Among the slew of construction and deconstruction projects currently underway, there is another significant undertaking beginning on campus. This is the new building for the University of Massachusetts Marching Band, and it is going to cost us – big. The total price tag associated with this project is an estimated $5.7 million.

And concerned student fee and tax payers have paid for about $4.5 million of it.

Given recent precedents of unrivaled government spending, this relatively small value may not at first appear worrisome. At a time when numbers like $300 billion to $800 billion are regularly thrown around Washington on a six-month schedule like it is the federal government’s new favorite guessing game, it is not surprising how easily people are willing to accept the cost of the marching band building. Perhaps they are so desensitized by the unparalleled numbers about which we hear on national news, or maybe they don’t realize just how serious the University’s budget problem is. Whatever the reason may be, people apparently do not seem to think the cost of projects like the marching band building, which will be near Dickinson Hall, is a big enough problem to collectively oppose.
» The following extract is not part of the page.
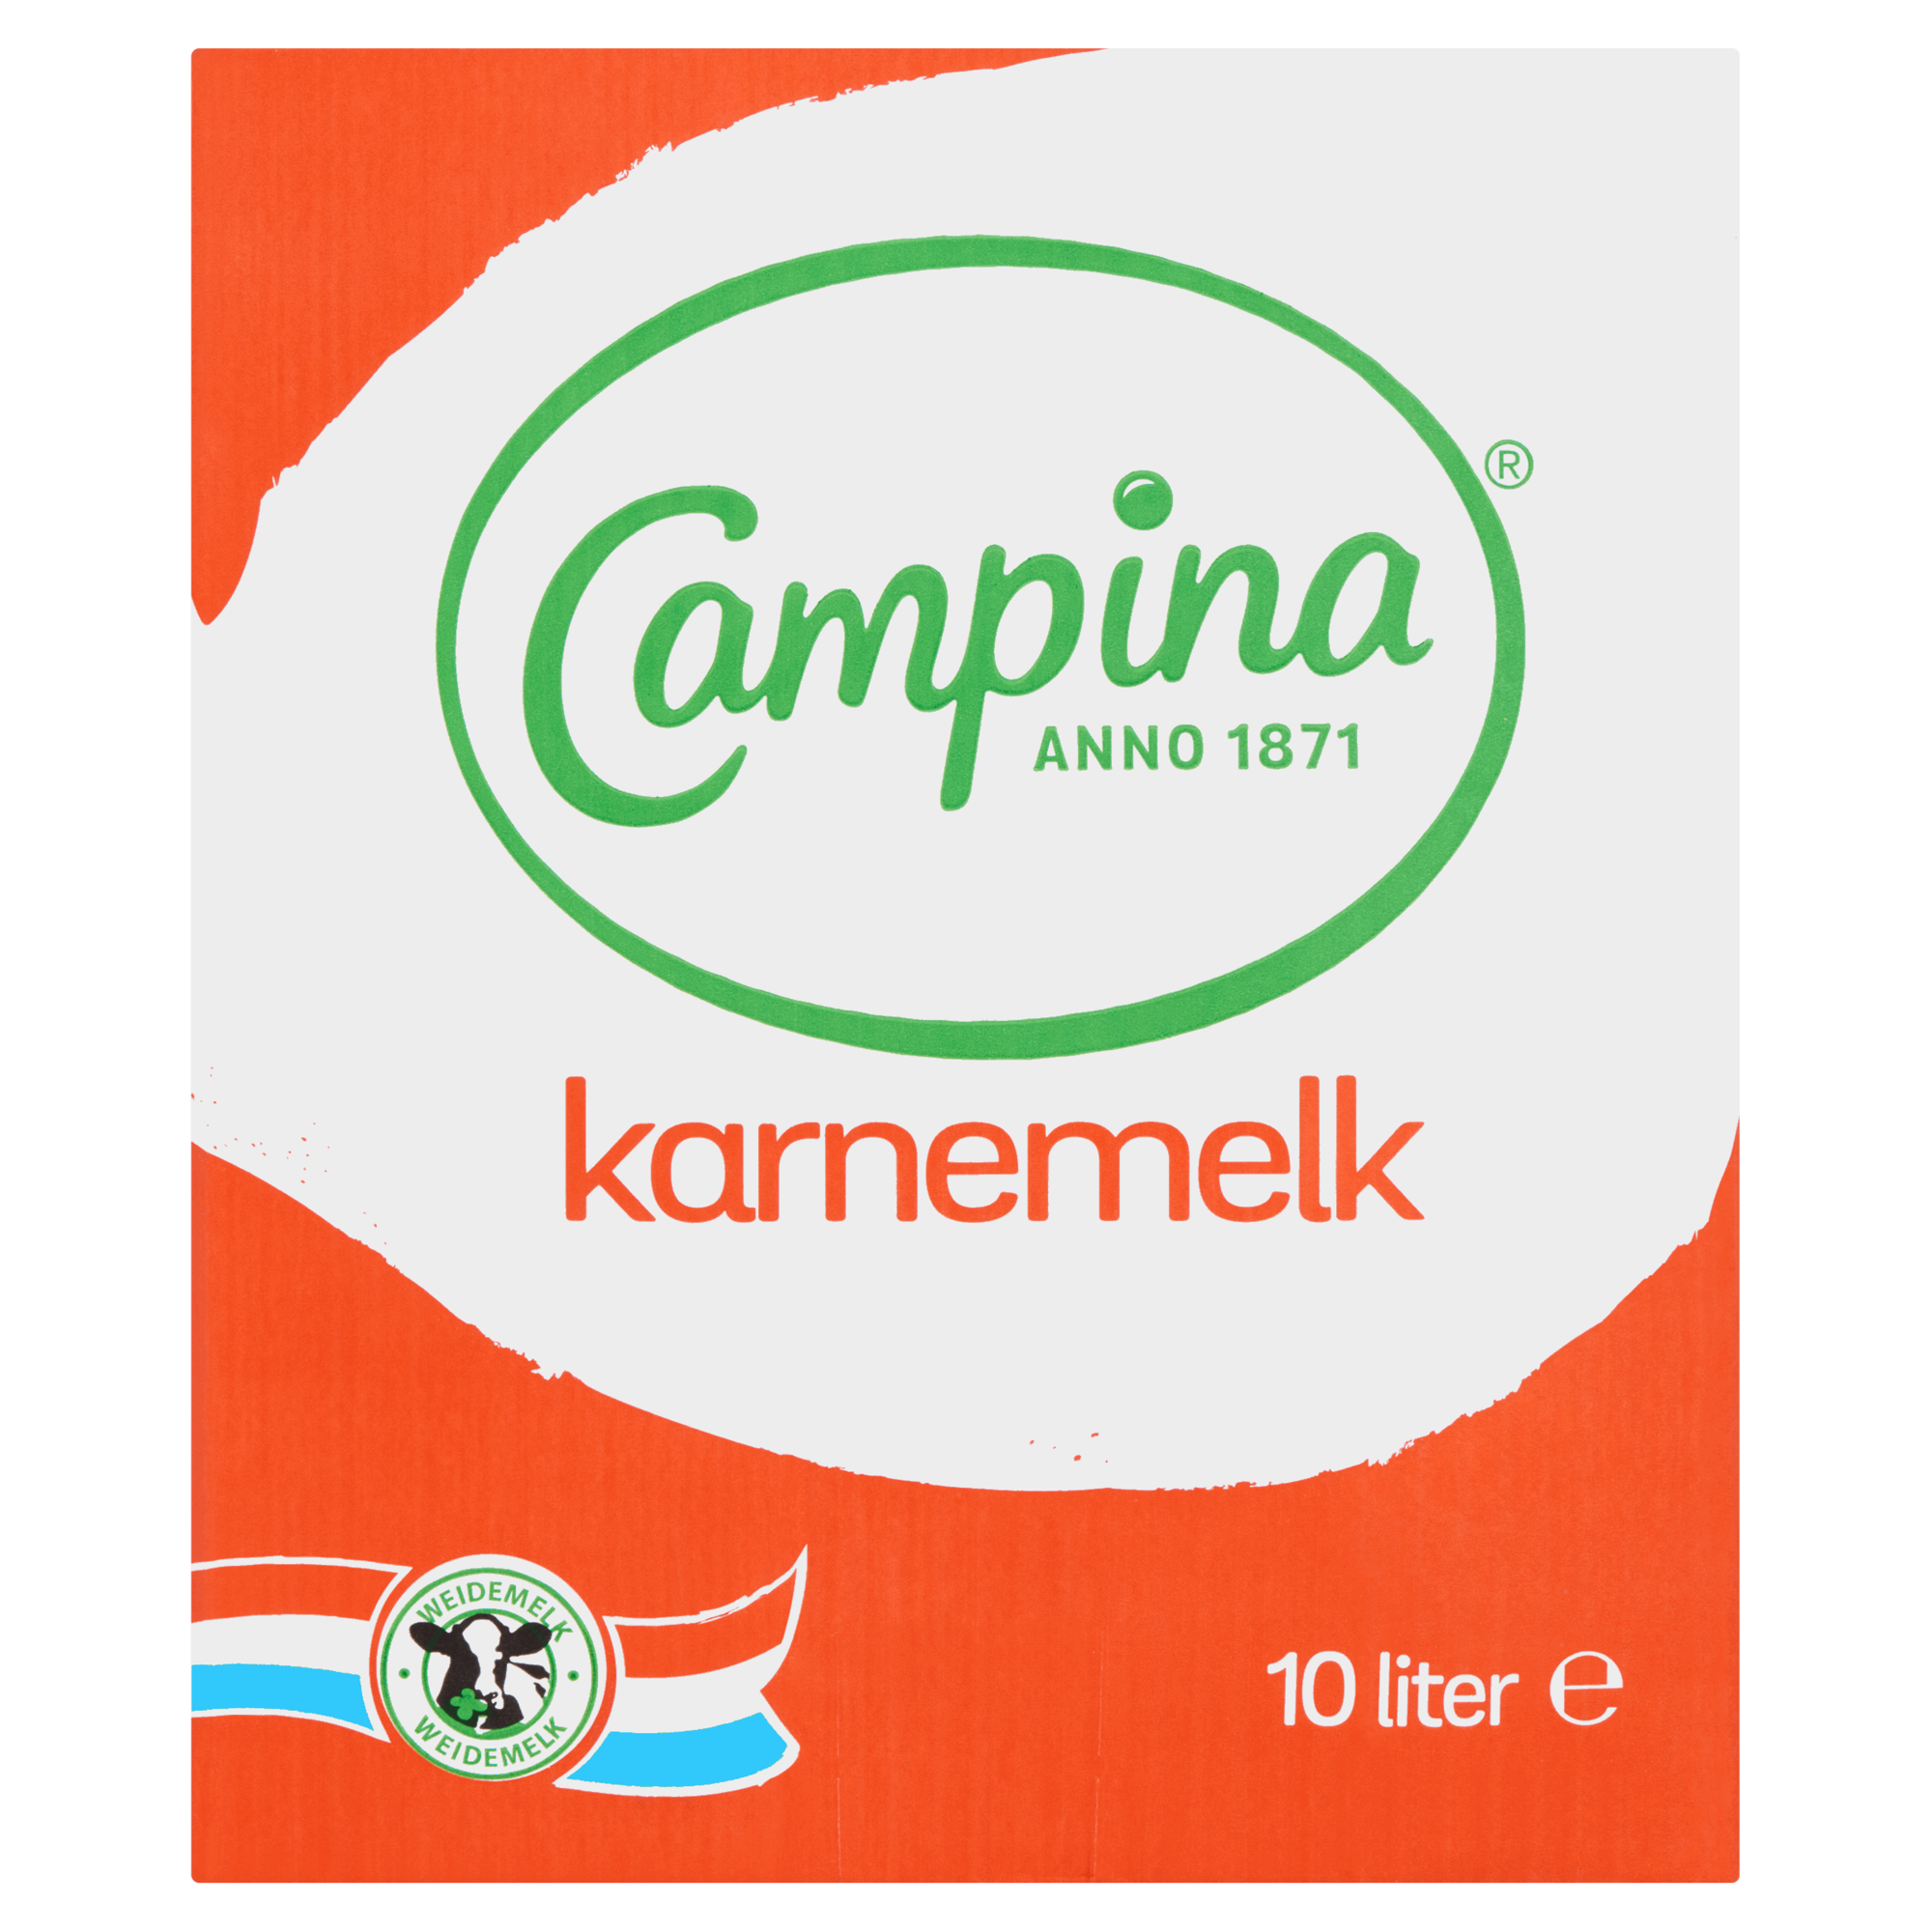 7907 Karnemelk poly bag in box 10 liter

Now, before I delve into what will inevitably inspire dozens of angry hate letters, I feel like I should briefly discuss the context of the latest construction endeavor on campus. The marching band has been without a stable place to practice and store its things since 1997 when the Old Chapel was condemned and could no longer be used for its space. Since then, the band has practiced on the fields, where one can imagine the elements would prove inconvenient, and other areas like the Fine Arts Center, which offers less than ideal room to accommodate the entire group of over 300. Currently, they are using the Arnold House in Northeast as an office area, where space is already limited.

Now, let’s be honest with our campus state of affairs. This past spring, Chancellor Robert Holub met with The Collegian, the Amherst Wire and MassLive regarding to the University of Massachusetts’ budget. Holub spoke of the estimated $46 million budget deficit and discussed what it will mean for students. In the discussion, he said that class scheduling will be “tighter next year than it is this year.”
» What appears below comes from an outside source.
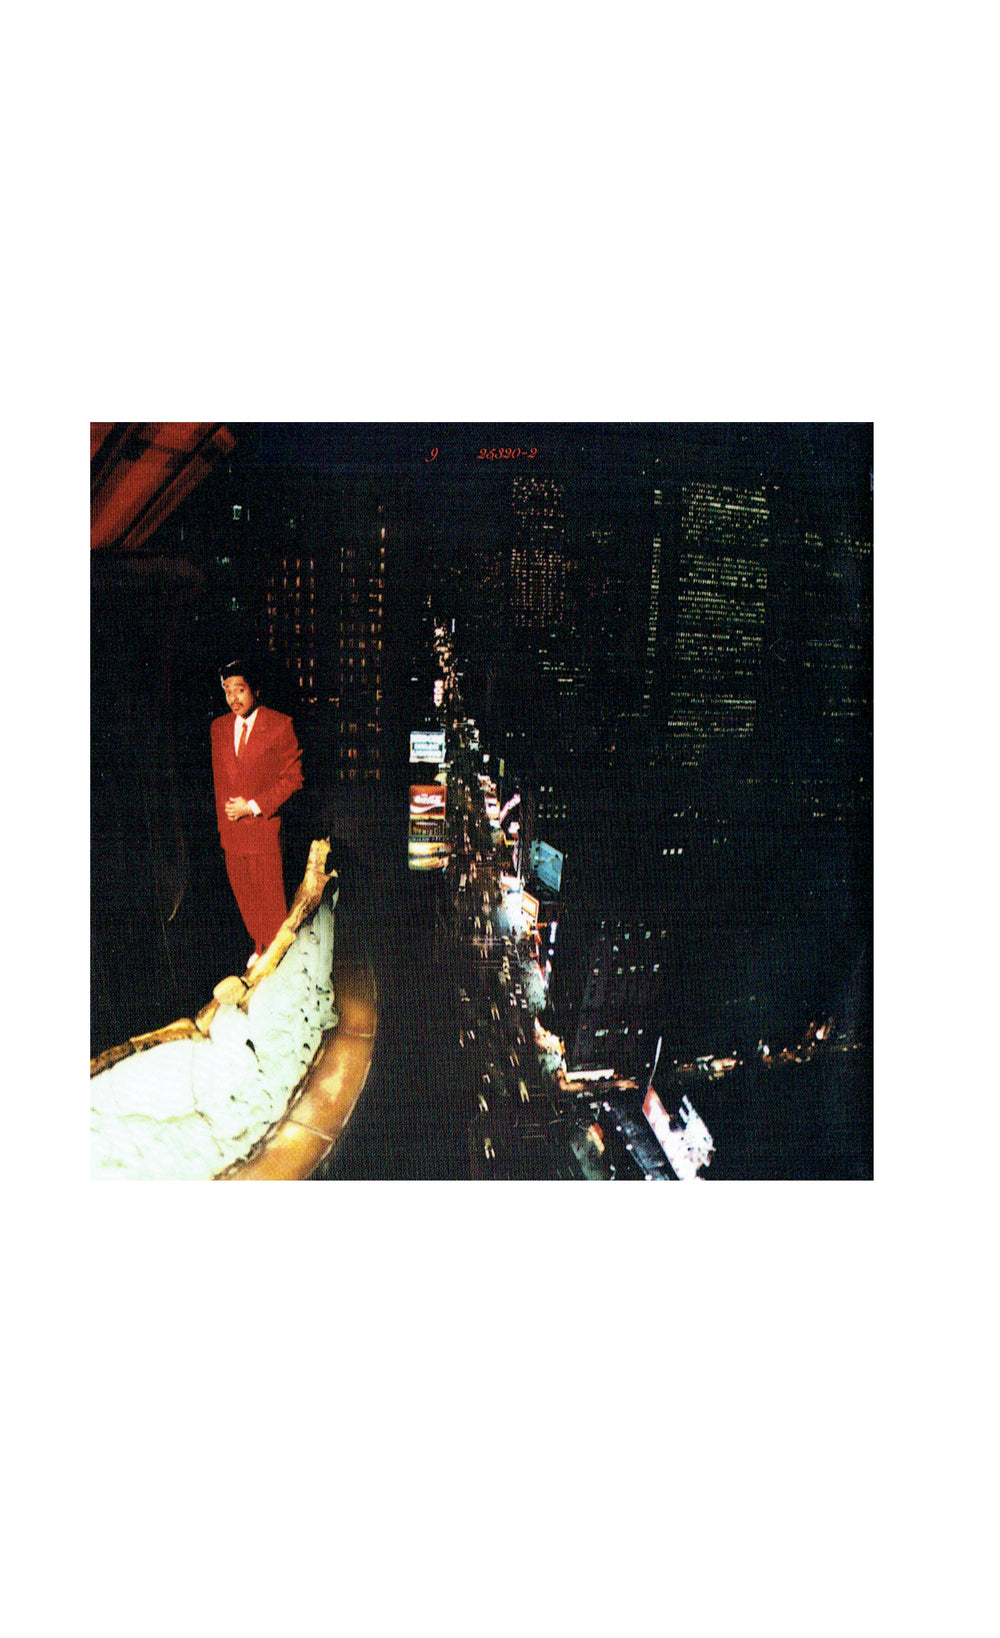 Morris Day Color Of Success CD Album Original 1985 US Prince

You may be woefully familiar with how frustrating class scheduling can be due to seat unavailability. I am quite sure you are familiar with the fees increasing each year. Now, the UMass administration thinks it is a good idea to spend $4.5 million it does not have in the first place and make you pay for it, either through fees or tax dollars. This is appalling, and you should be vocally upset about this.

I want everyone reading this to write a personal letter to  the UMass administration. In it, openly condemn its decision to approve the building plans for these projects. Do not think your single voice will be too transient to matter. Go to your computer or get a pen, and write a letter  letting the UMass administration know that already struggling students do not want more financial burdens and that the trend of incessantly starting new construction projects is clearly not helping them. Do this even if you write only two or three sentences. It will not take you five minutes. There is a point at which the line in the sand must be drawn, and that power belongs to you as an individual.
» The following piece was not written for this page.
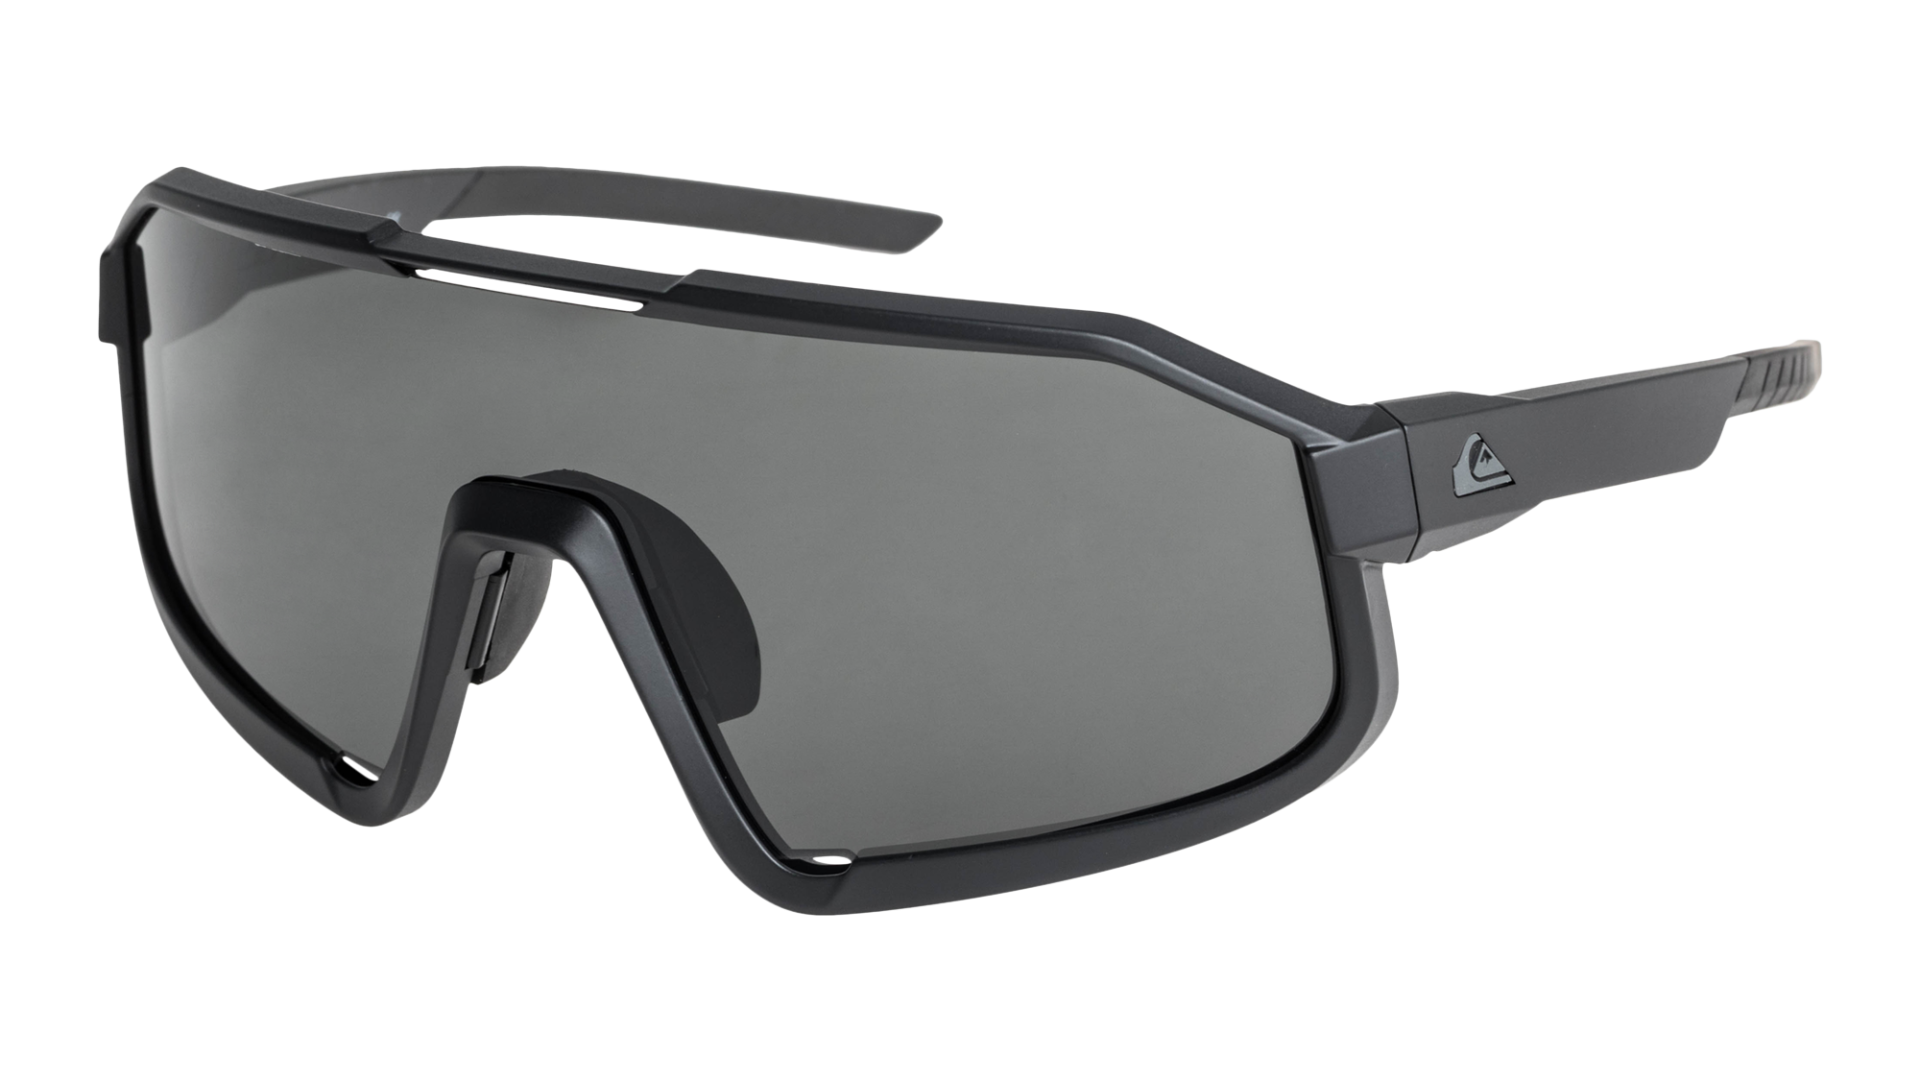 Quiksilver 2023 S/S Sunglasses Preview SOURCE - Boardsport

One great misconception of the cost of making these new buildings on campus is that the total cost of the project is equal to estimated construction costs. This is false. Factor into the initial estimates the costs – regular state inspections, maintenance, staffing, renovations and zoning regulations – and consider the fact that these costs would exist indeterminately. Suddenly, the plethora of new buildings on campus doesn’t seem so financially practical or appealing. And we don’t need another one with more screeching, drilling and beeping noises coming from ugly machinery in ditches surrounded by hunter orange fencing.

Band members are understandably excited about the making of this building, even if some of them will not be around to enjoy it when it is completed. What they are failing to recognize is that, regardless of how wonderful it may be, and regardless of how relatively insignificant $4.5 million is compared to other things, projects like this play into a larger system of unbridled spending, and the new cost will only hurt us more. To recover from debt, people have to make sacrifices and restrain spending. If we are not willing to make those sacrifices and put our luxuries on hold, we are going to find ourselves in a situation far worse than one where we have to play our instruments outside in the cold.

Brian Benson is a Collegian columnist. He can be reached at bbenson@student.umass.edu.

Comments
20 Responses to “Building for band and why it should have to wait”
  1. Nate Sullivan says:

    My roommate is in the band. He has to go out onto the rape trail to practice because he’s not allowed to practice in the fine arts center because he’s not a music major. I think the building makes a little more sense than the new rec center does.

  2. I’ve got to agree with Nate [no relation] about the band needing space more than we needed a new rec center.

    I spent a while talking to folks in the band for a piece I produced for GazetteNET.com back in the day.

    Not only are these kids more dedicated than most people give them credit for, but the band and its leadership – namely George Parks – are nationally recognized for their talent.

    Of course, it’s always a question of ‘where’s the money gonna’ come from?’ in the midst of a recession.

  3. Rick says:

    I dated a bandie. She had band 2 hours every day rain or shine. I only watched once but I dont know how they do it. It was November! It was freezing cold and everyone was wearing 20layers! They still ran around and did things that looked awsome. I think its worth it.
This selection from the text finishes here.